About this exercise
Leaving out all pictures, transcribe the lines below exactly, from the first through the line containing "Sammanfattning Revisorerna i".

Stored data
----

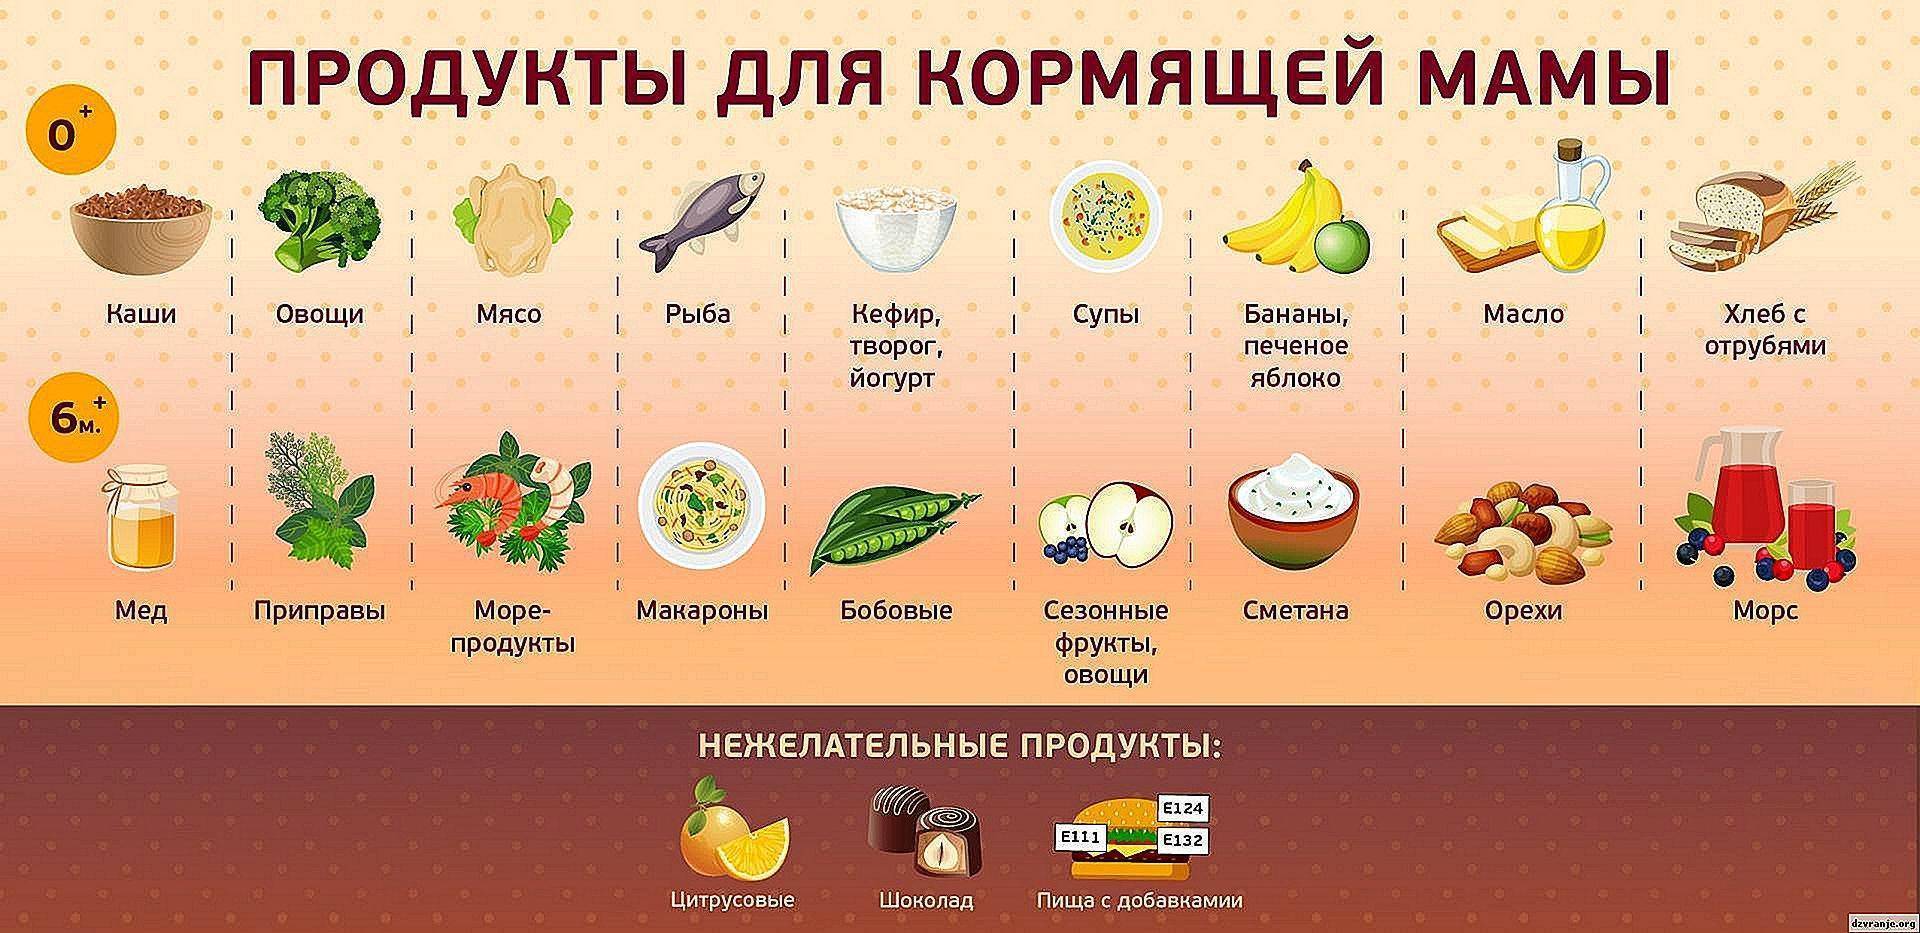 Можно ли шоколад кормящей маме при грудном вскармливании? :: syl.ru
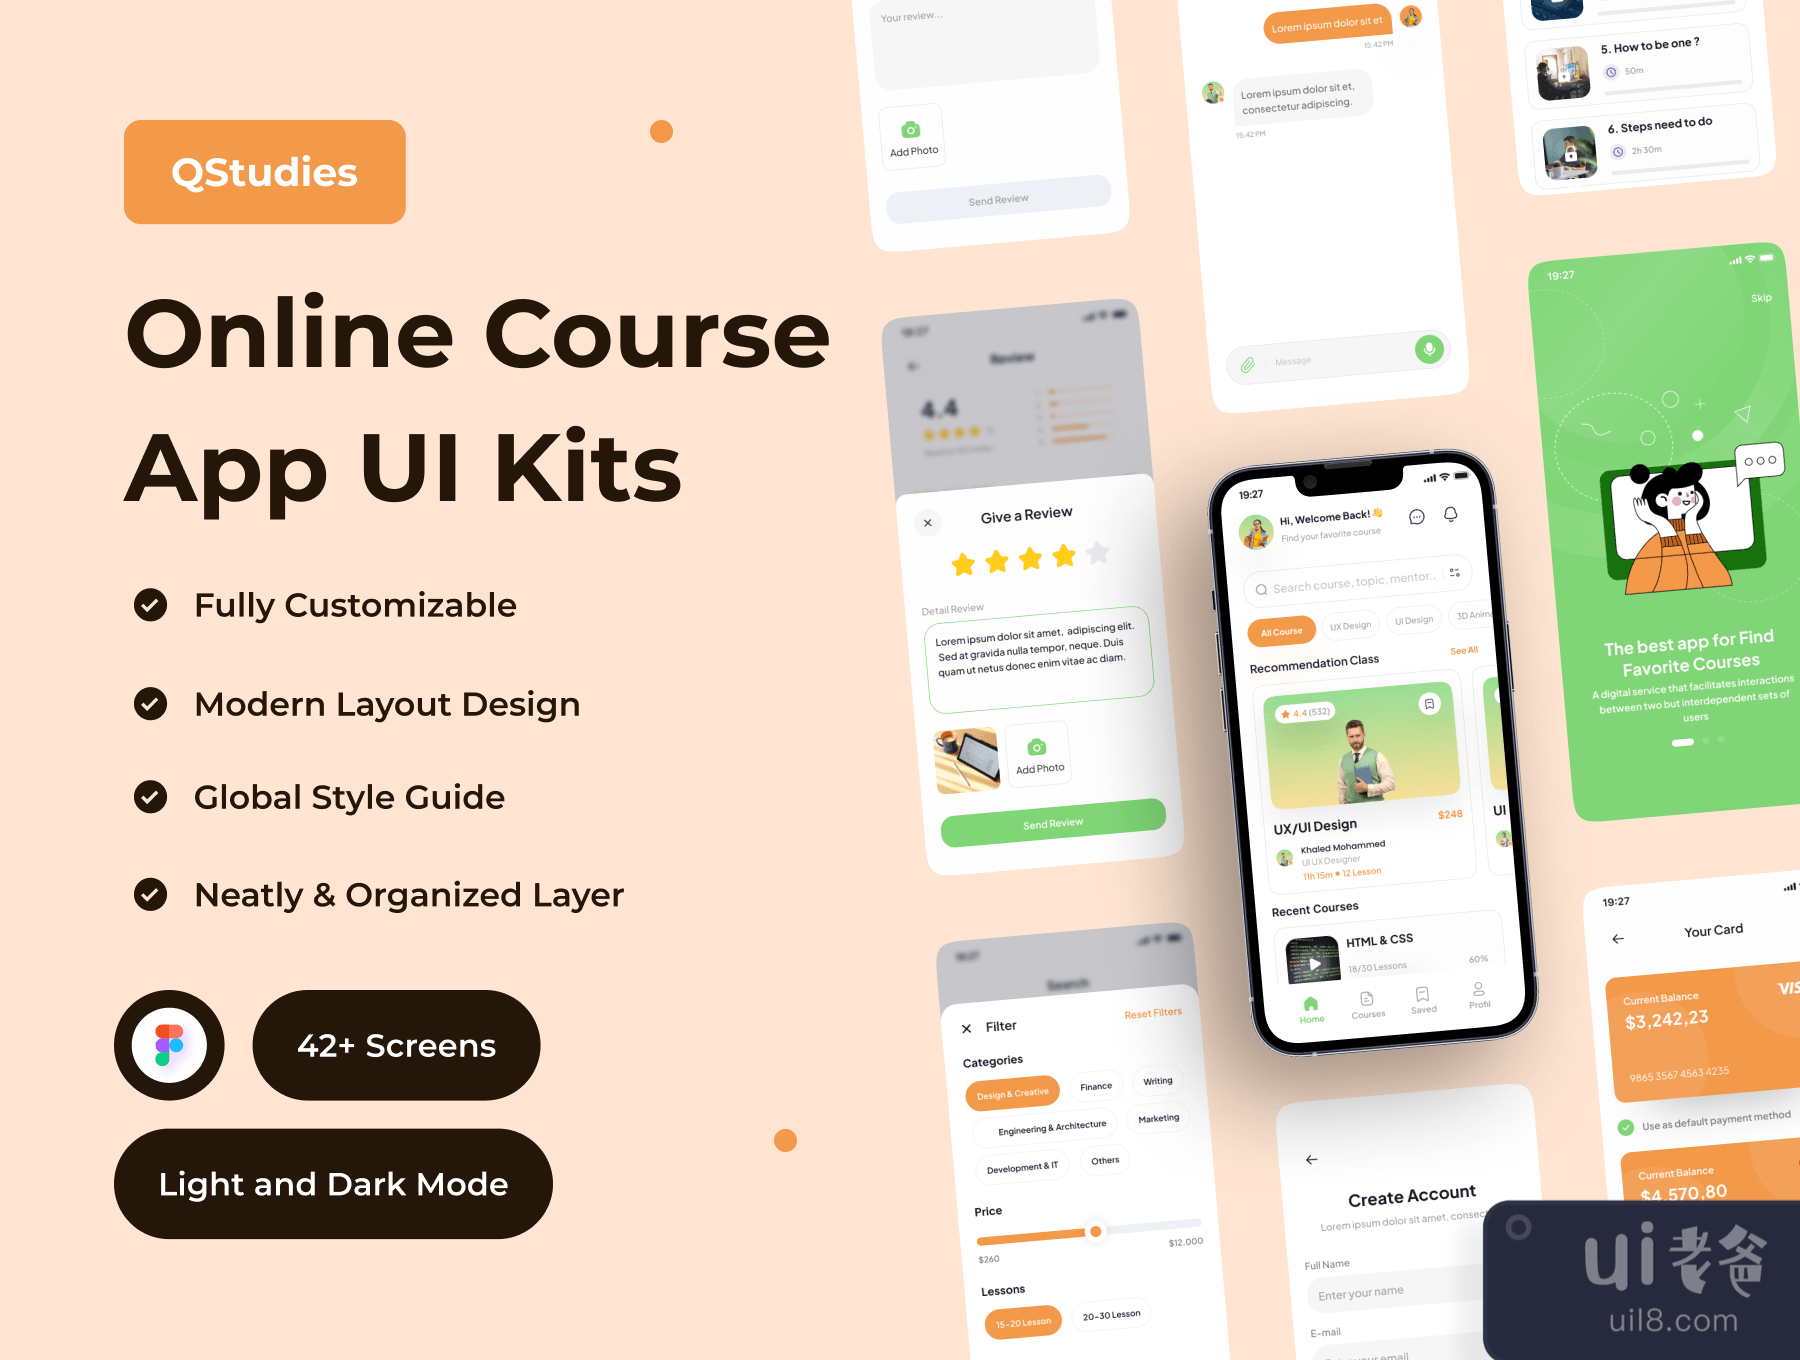 Qstudies - 在线课程应用程序UI套件 (Qstudies - Online Course App UI Kit)插图
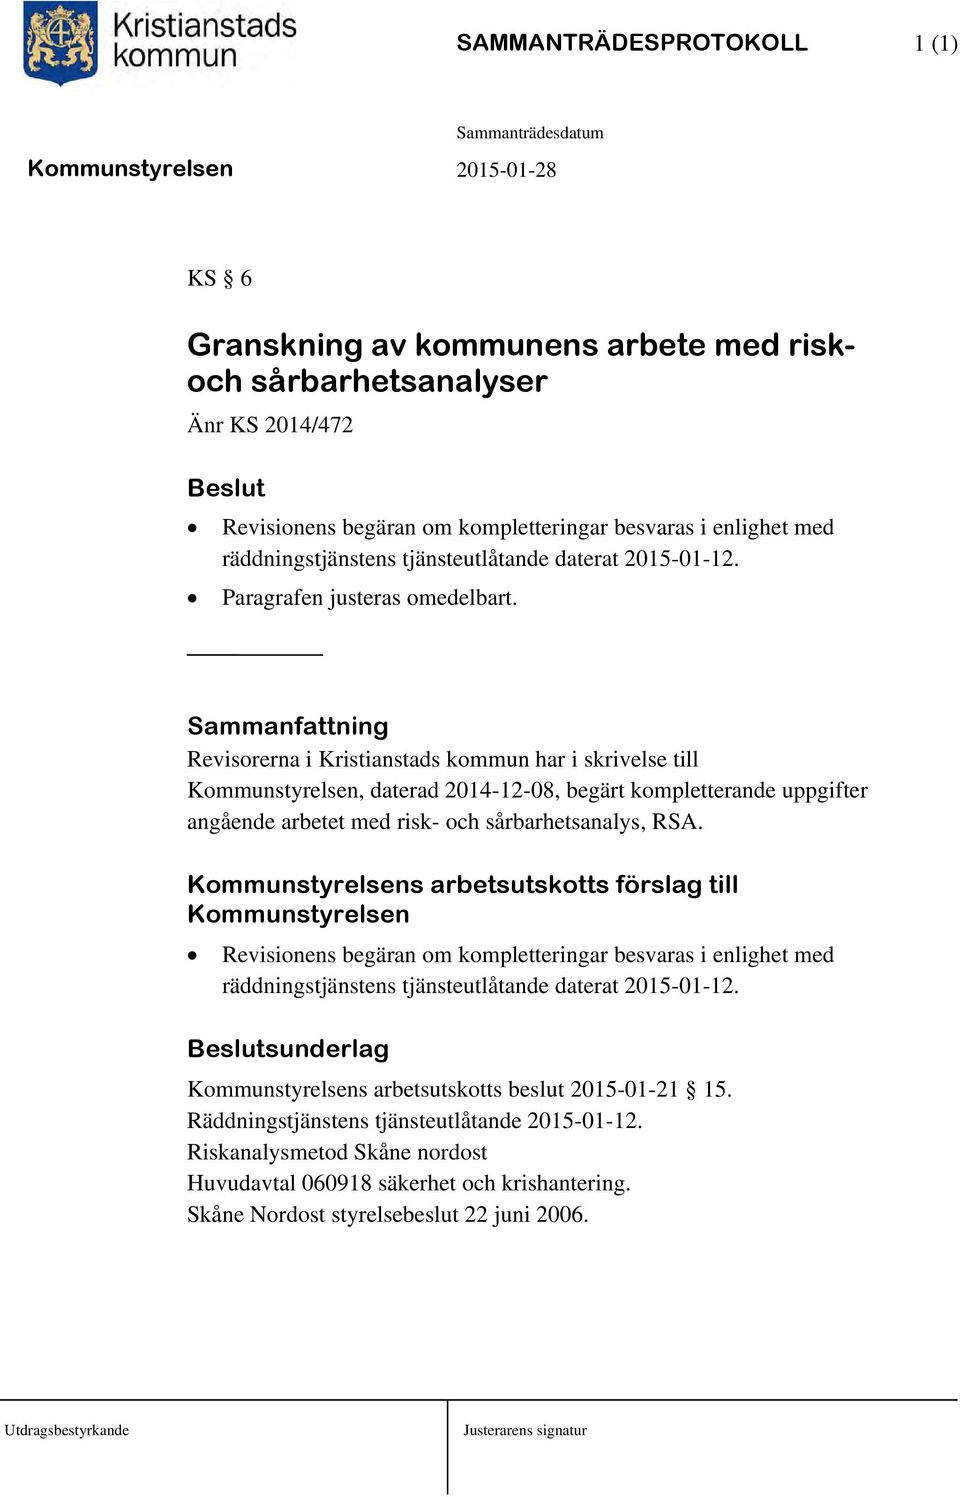 Sammanfattning Revisorerna i Kristianstads kommun har i skrivelse till Kommunstyrelsen, daterad 2014-12-08, begärt kompletterande uppgifter angående arbetet med risk- och sårbarhetsanalys, RSA.
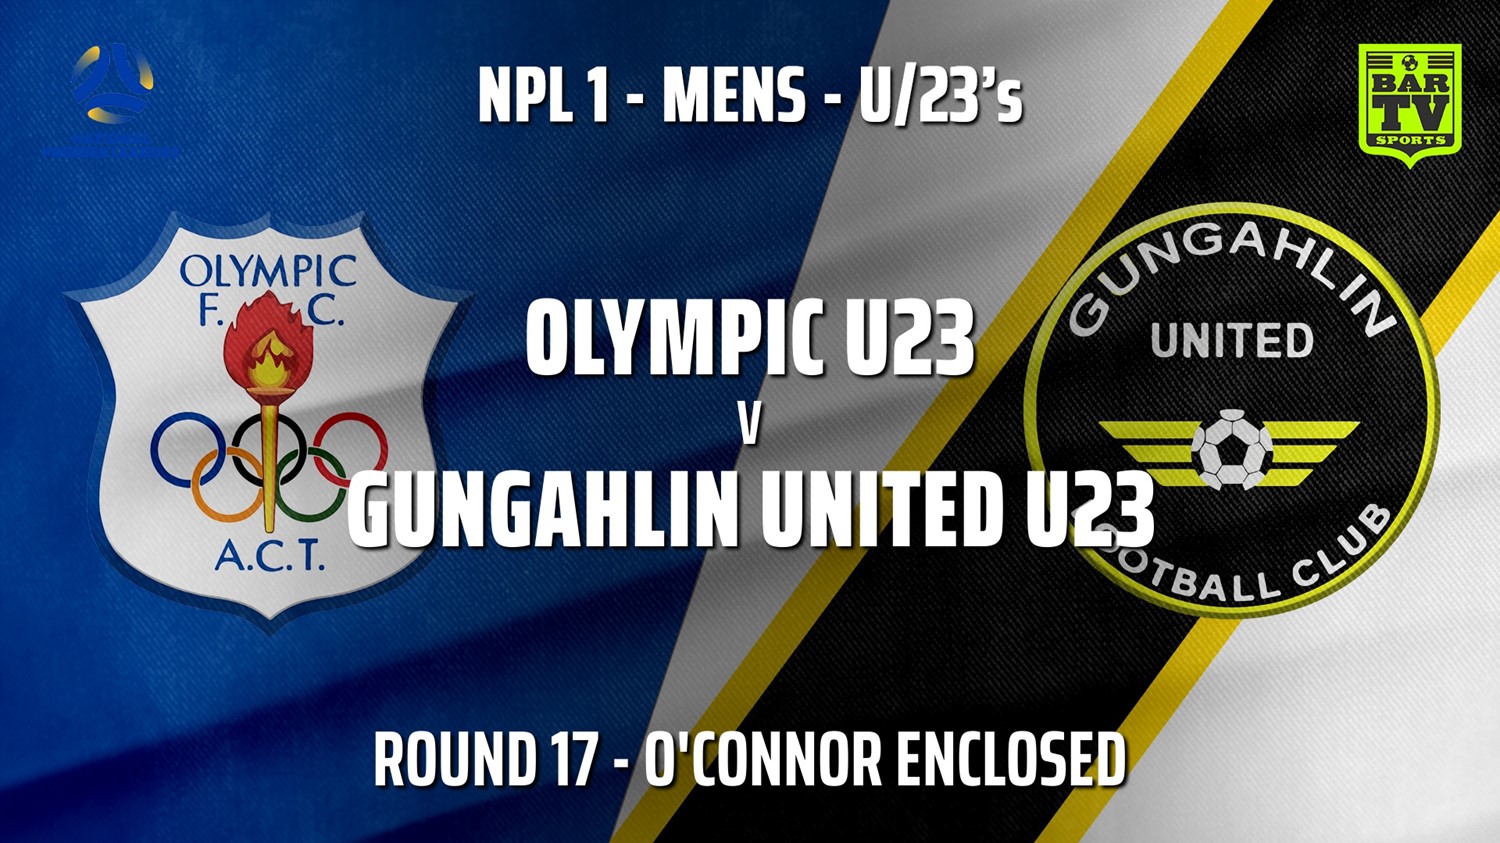 210807-Capital NPL U23 Round 17 - Canberra Olympic U23 v Gungahlin United U23 Minigame Slate Image

----

Expected output
 Можно ли шоколад кормящей маме при грудном вскармливании? :: syl.ru
 Qstudies - 在线课程应用程序UI套件 (Qstudies - Online Course App UI Kit)插图
 Sammanfattning Revisorerna i Kristianstads kommun har i skrivelse till Kommunstyrelsen, daterad 2014-12-08, begärt kompletterande uppgifter angående arbetet med risk- och sårbarhetsanalys, RSA.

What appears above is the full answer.